The voltage output of the filter with center frequency $\nu_{\rm RF}$ and bandwidth $\Delta \nu_{\rm RF} < \nu_{\rm RF}$ is a sinusoid with frequency $\nu_{\rm RF}$ whose envelope (dashed curves) fluctuates on time scales $(\Delta \nu_{\rm RF})^{-1} > (\nu_{\rm RF})^{-1}$.

The filtered output is sent to a square-law detector, a device whose output voltage is proportional to the square of its input voltage, so the detector output voltage is proportional to its input power.  For a narrowband (quasi-sinudoidal) input voltage $V_{\rm i} \approx \cos(2 \pi \nu_{\rm RF}t)$ at frequency $\nu_{\rm RF}$, the detector output voltage would be $V_{\rm o} \propto \cos^2(2 \pi \nu_{\rm RF}t)$.  This can be rewritten as $[1 + \cos(4 \pi \nu_{\rm RF}t)]/2$, a function whose mean value equals the average power of the input signal.  In addition to the DC (zero-frequency component) there is an oscillating component at twice $\nu_{\rm RF}$.  The detector output spectrum for a finite bandwidth $\Delta \nu_{\rm RF}$ and a typical waveform are shown below:

The output voltage of a square-law detector is proportional to the square of the input voltage.  It is always positive, so its mean (DC component) is positive and is proportional to the input power.  The high frequency ($\nu \approx 2 \nu_{\rm RF}$) fluctuations contain no useful information about the source and are filtered out by the next stage.

The oscillations under the envelope approach zero every $\Delta t \approx (2 \nu_{\rm RF})^{-1}$. Thus the oscillating component of the detector output is centered near the frequency $2 \nu_{\rm RF}$. The detector output also has frequency components near zero (DC) since the mean output voltage is greater than zero.

The output voltage histogram of a square-law detector fed with Gaussian noise is peaked sharply near zero and has a long positive tail.
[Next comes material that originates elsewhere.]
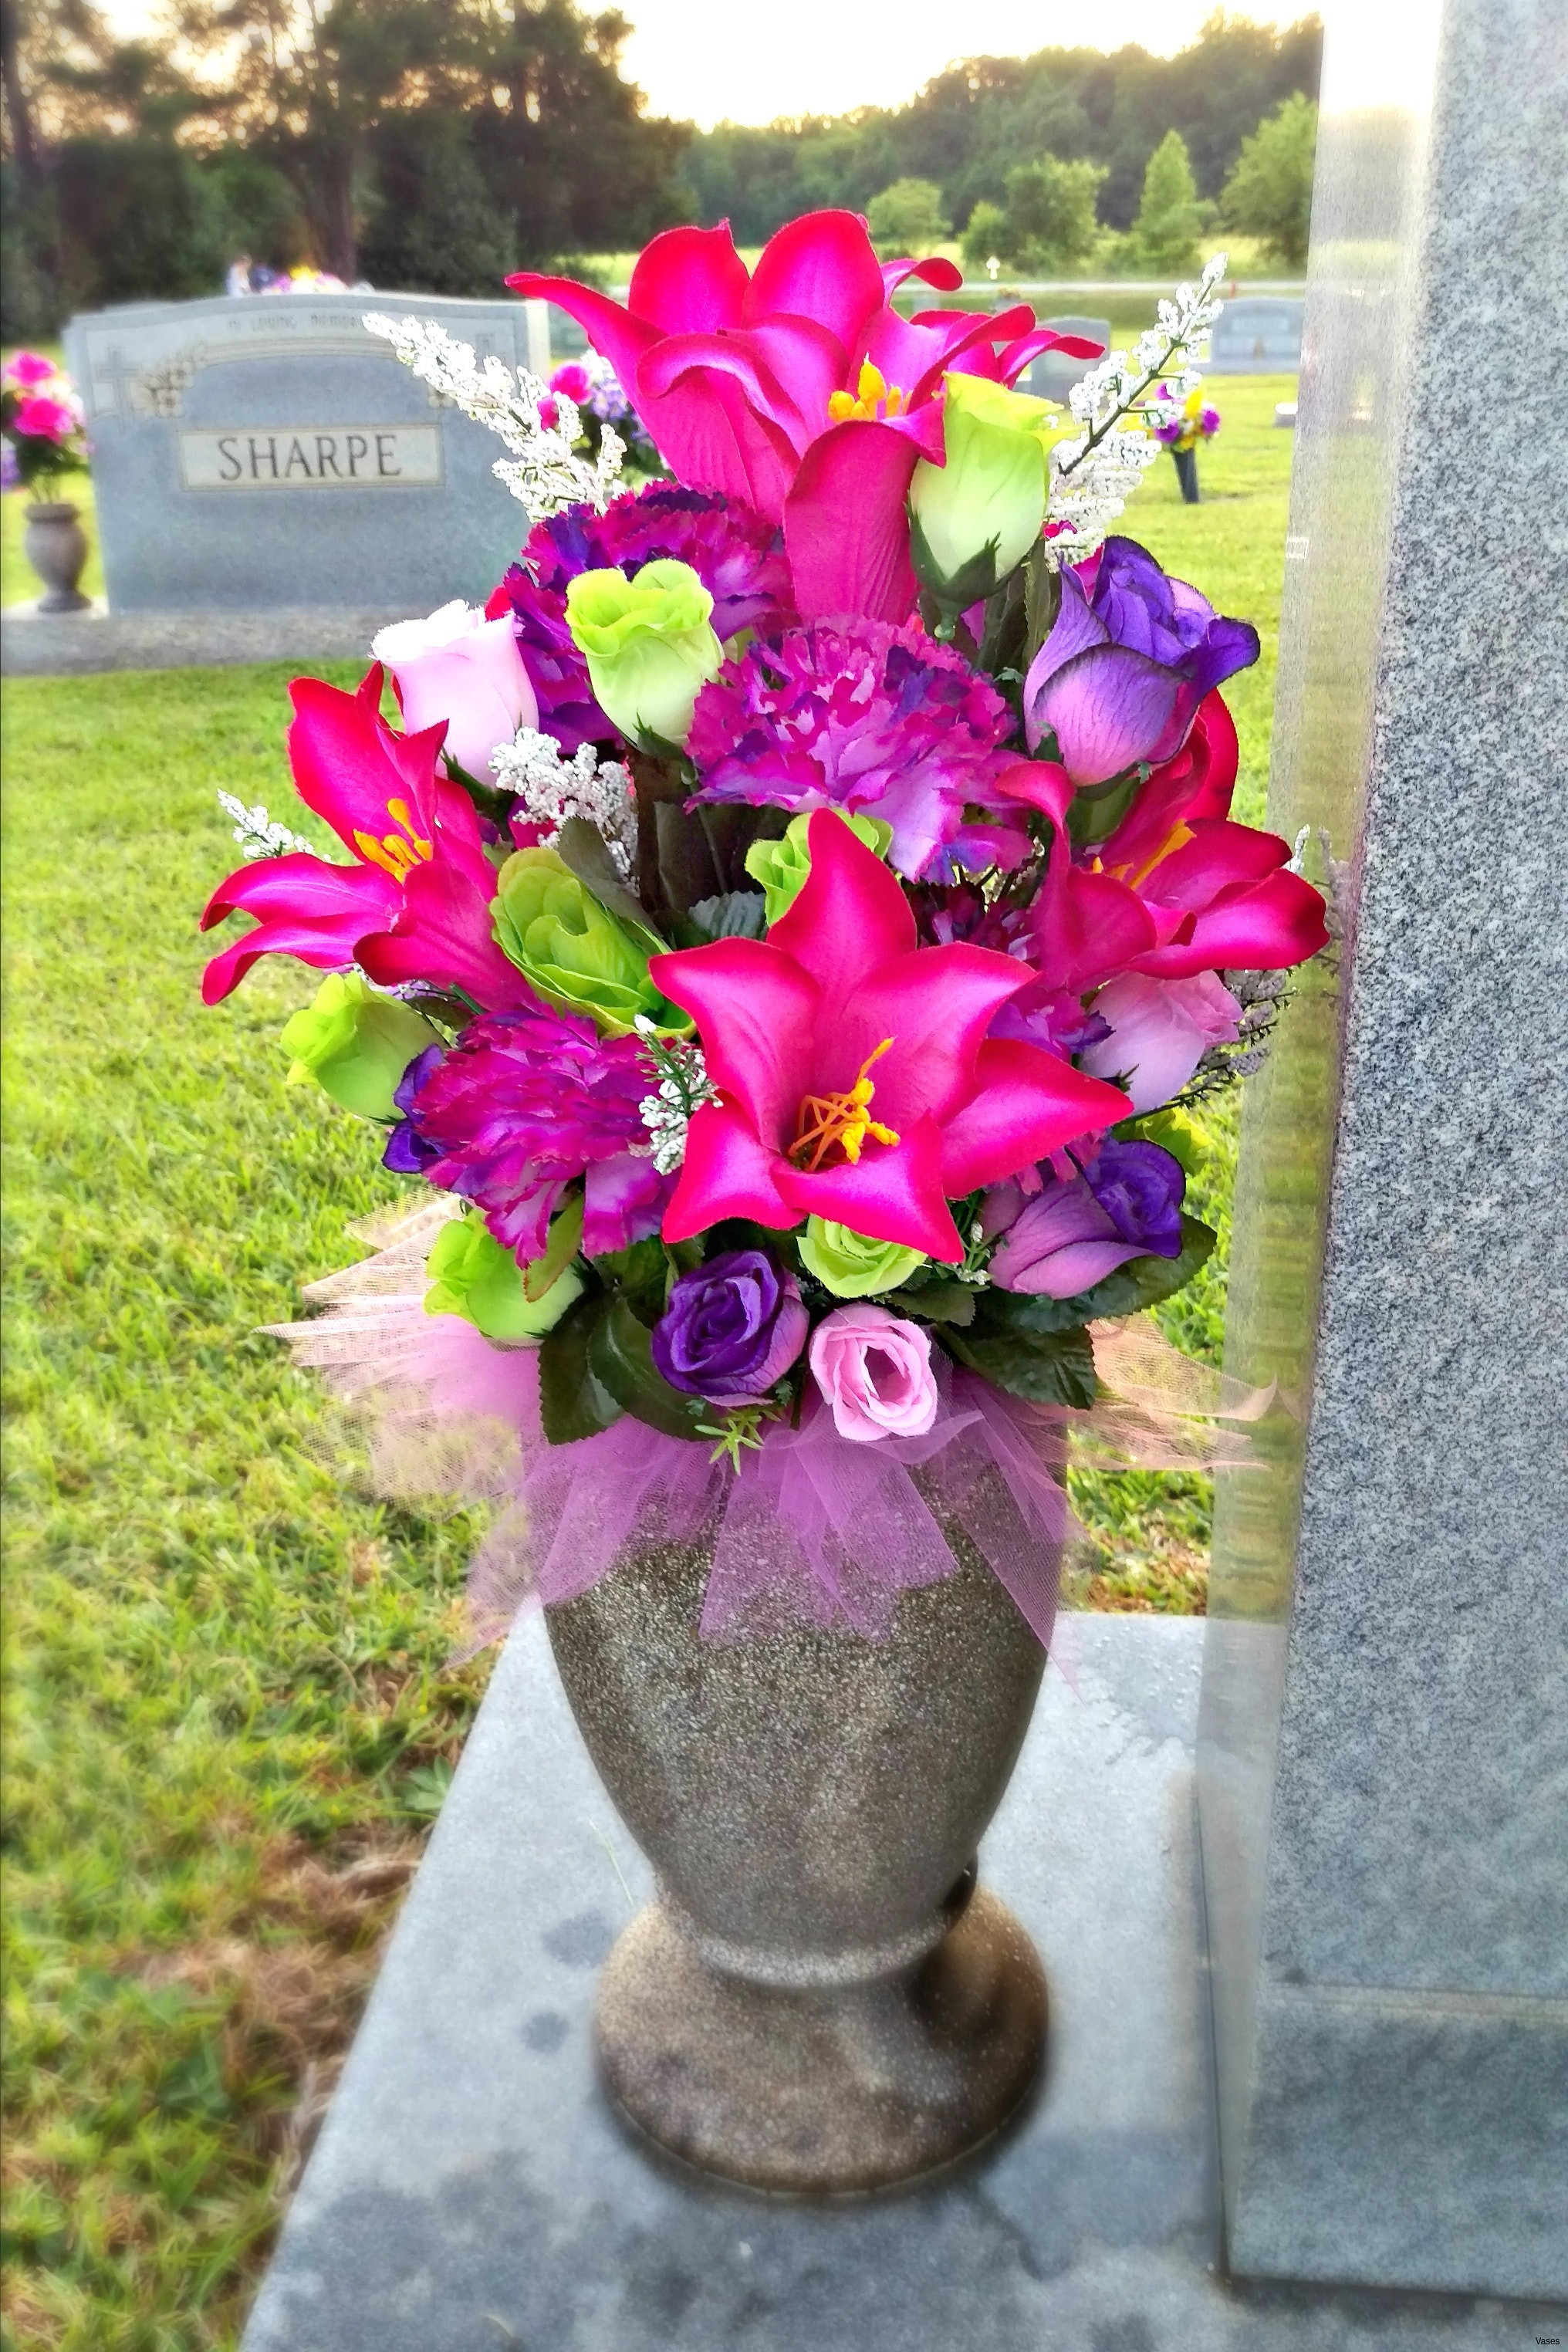 Headstone Vase Flower Arrangements Of In Ground Cemetery Vases Images Vases Grave Flower Vase Cemetery Pertaining to In Ground Cemetery Vases Images Vases Grave Flower Vase Cemetery Informationi 0d In Ground Holders Of

The mean detected voltage $\langle V \rangle$ equals the mean squared input voltage, and the rms of the detected voltage is $2^{1/2}\langle V \rangle$. For a detailed derivation of the detector output distribution and its rms, click here.

Both the rapidly varying component at frequencies near $2 \nu_{\rm RF}$ and its envelope vary on time scales that are normally much shorter than the time scales on which the average signal power $\Delta T$ varies. The unwanted rapid variations can be suppressed by taking the arithmetic mean of the detected envelope over some time scale $\tau \gg (\Delta \nu_{\rm RF})^{-1}$ by integrating or averaging the detector output. This integration might be done electronically by smoothing with an RC (resistance plus capacitance) filter or numerically by sampling and digitizing the detector output voltage and then computing its running mean.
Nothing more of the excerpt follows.